Because the company exists to benefit a community, there are some special rules to protect the community.
What are the special requirements of a community company?
In addition to the requirement that the community satisfy the community interest test, there are four basic rules of a community company that make them different from regular companies. The reason for these rules is to ensure that the community is protected and actually receives the benefits from the activities of the company. They are:
- Community companies cannot make any distributions of funds or pay any dividends to its shareholders.
- Community companies cannot make loans to directors or shareholders.
- There is a ‘lock’ on the disposal of assets of the community company.
- Directors must prepare a report on the activities of a community company each financial year.
The next parts look at these requirements in some more details.
1. No distributions or dividends to shareholders
A dividend is a way for a normal company to pass on the profits of the company to its shareholders. For a community company, since the shareholders are people who represent the community, it would not be fair to make a distribution to those individual people. Instead, of distributing the profits this way, the profits are kept within the company, and are used to benefit the community as a whole.
2. No loans to directors or shareholders
Making a loan to a director or a shareholder is another way individuals have been able to take a company’s capital outside of the company. Often the loan is paid back to the company, but sometimes it is not. This is another situation where someone might personally benefit from the money a company makes, rather than having the community as a whole benefit.
3. The ‘lock’ on disposing assets of the company
Before deciding to register a community company it is very important to understand the asset-lock, because it has long term consequences.

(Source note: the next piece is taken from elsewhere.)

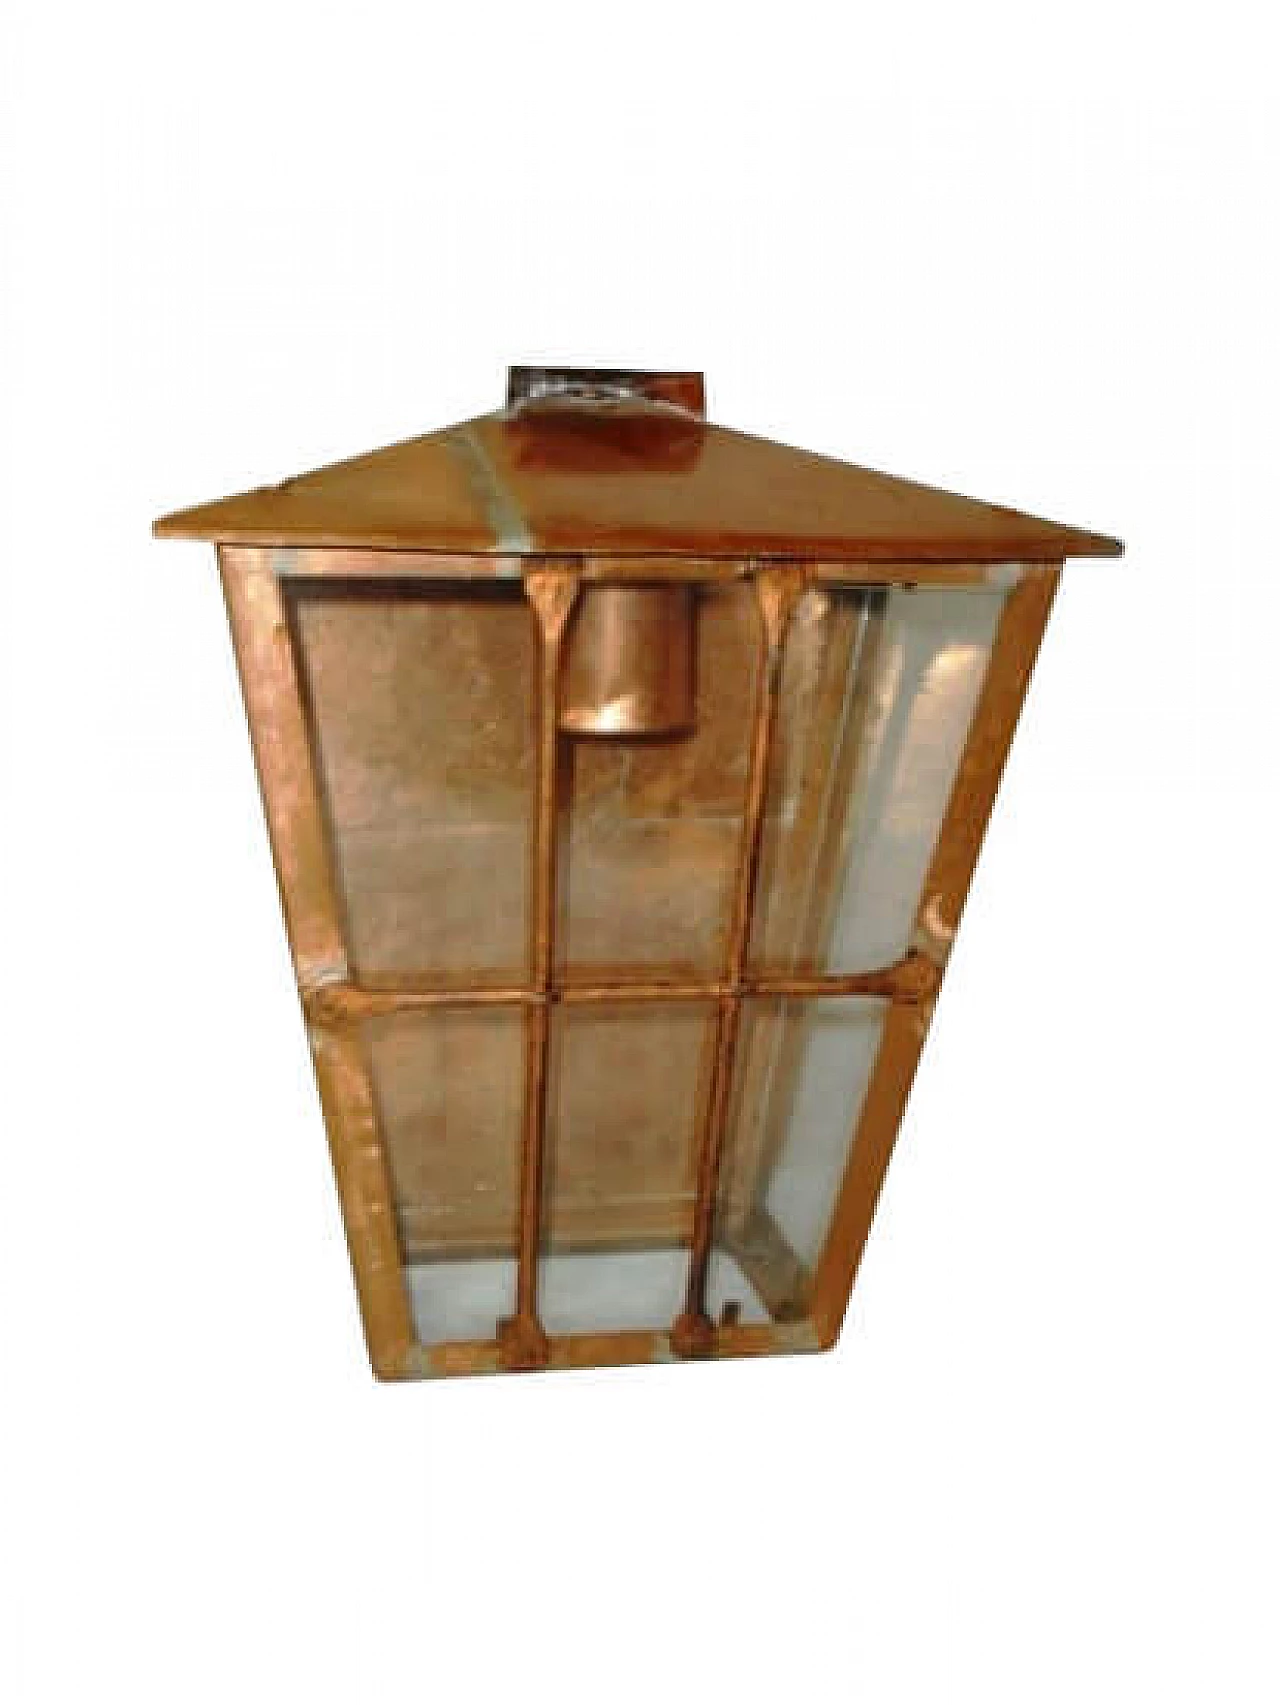 English style copper lamp with grating, 20th century 1166595

Sometimes companies will want to dispose of an asset that it no longer wants or needs. For example, if a tuna company no longer needs a fishing boat, because it has decided that it will only process tuna, rather than fish for it, then it might sell the boat.
If a community company wanted to make this decision, then it should be one that the community agrees on first. The community should also be comfortable that the best possible price was found for the boat. So the Companies Act requires that 75% of the shareholders agree to the sale, and that it is sold for its market price.

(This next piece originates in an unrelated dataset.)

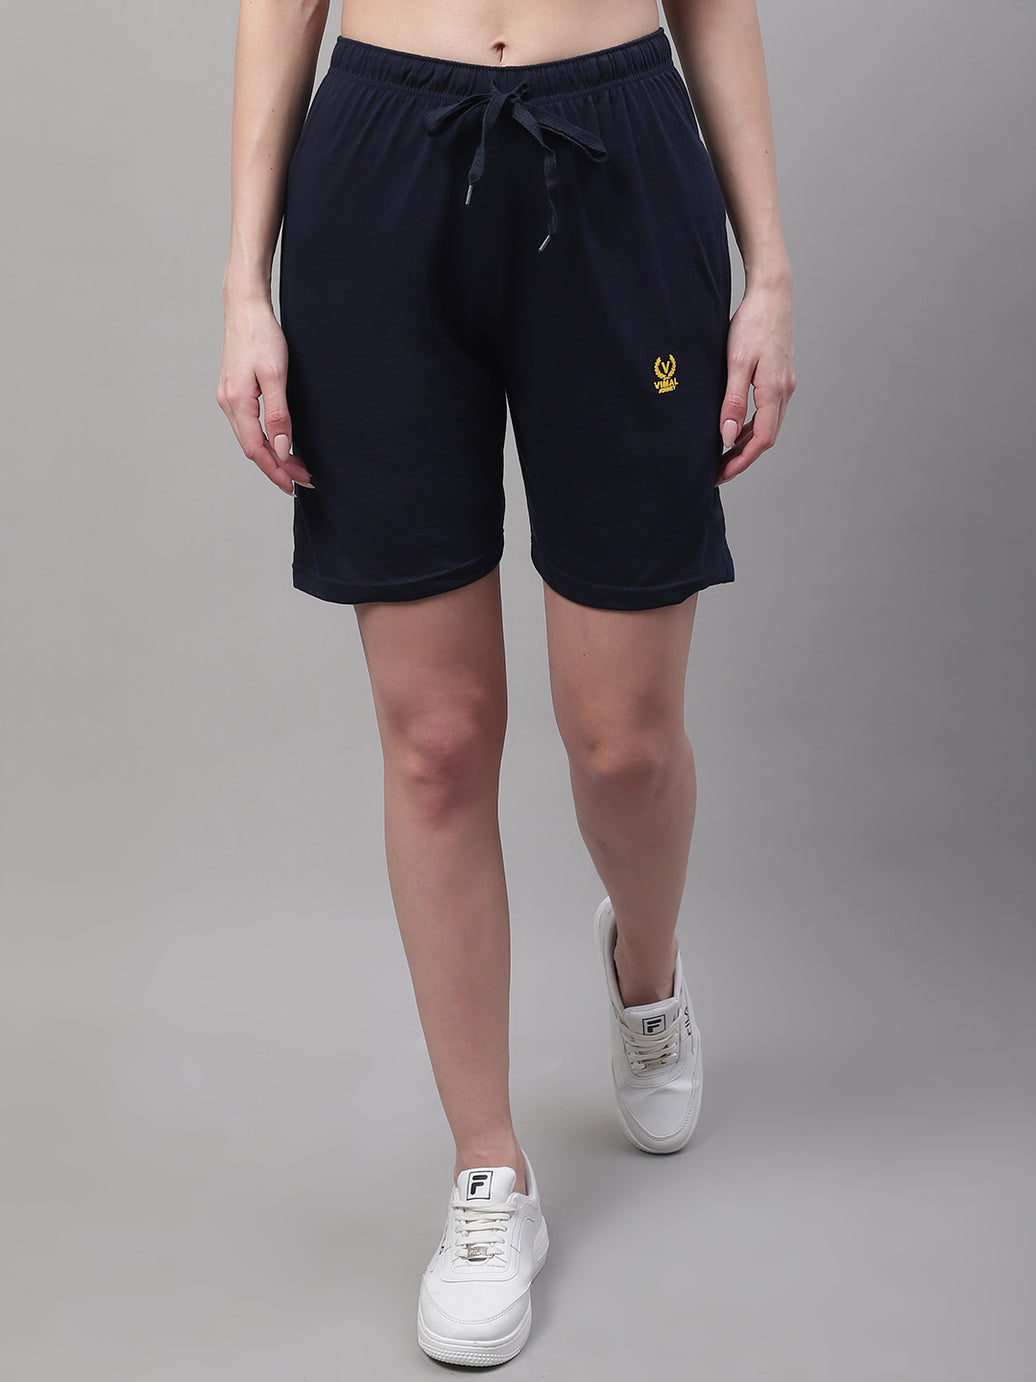 Buy Cotton 3/4 shorts for Women Online at VimalClothing

All members of the community would also need to be notified before any decision is made to sell an asset.
These protections ensure that the community is happy with the decision, and that the full value of the sale stays within the company.
The ‘lock’ only applies to assets which are outside of the ordinary course of business. So if there are assets, such as canned tuna, which are produced everyday, then it would not make sense to require the community to be informed, and for shareholders to vote every time a can of tuna was sold.
Community companies may also include stricter rules on the disposal of assets in its rules if the community wishes. For example, it may want to specify particular assets which can’t be sold, or it may want to ensure 100% of the shareholders agree to the sale.
4. Directors must prepare a report on the activities of a community company each financial year
Every financial year, the directors of the company must provide a report to the community and to the registrar (this can be done online on this website) outlining for that year:
- Remuneration (such as salaries or other benefits) received by directors
- How the company’s activities benefitted the community
- What consultations were undertaken with the community
- What, if any, assets were disposed of by the company.
If the directors do not provide this report, then every director will be liable for an offence under the Companies Act and can be fined.
The report will be made available to the public through the company registry.
Are there any limits to how much a director can be paid in a community company?
It is up to each community company to decide how much it will pay its directors. The rules of the community company will determine how directors are paid, and would typically require that the shareholders approve of the director’s remuneration.
The directors must also report to the registrar each year how much they are being remunerated, and this information will be publicly available.
Does a community company have to involve the community?
Community companies are encouraged to involve their community as much as possible in the activities of the company, and the directors are required to report to the registrar every year on their involvement with the community.
This information will be made publicly available.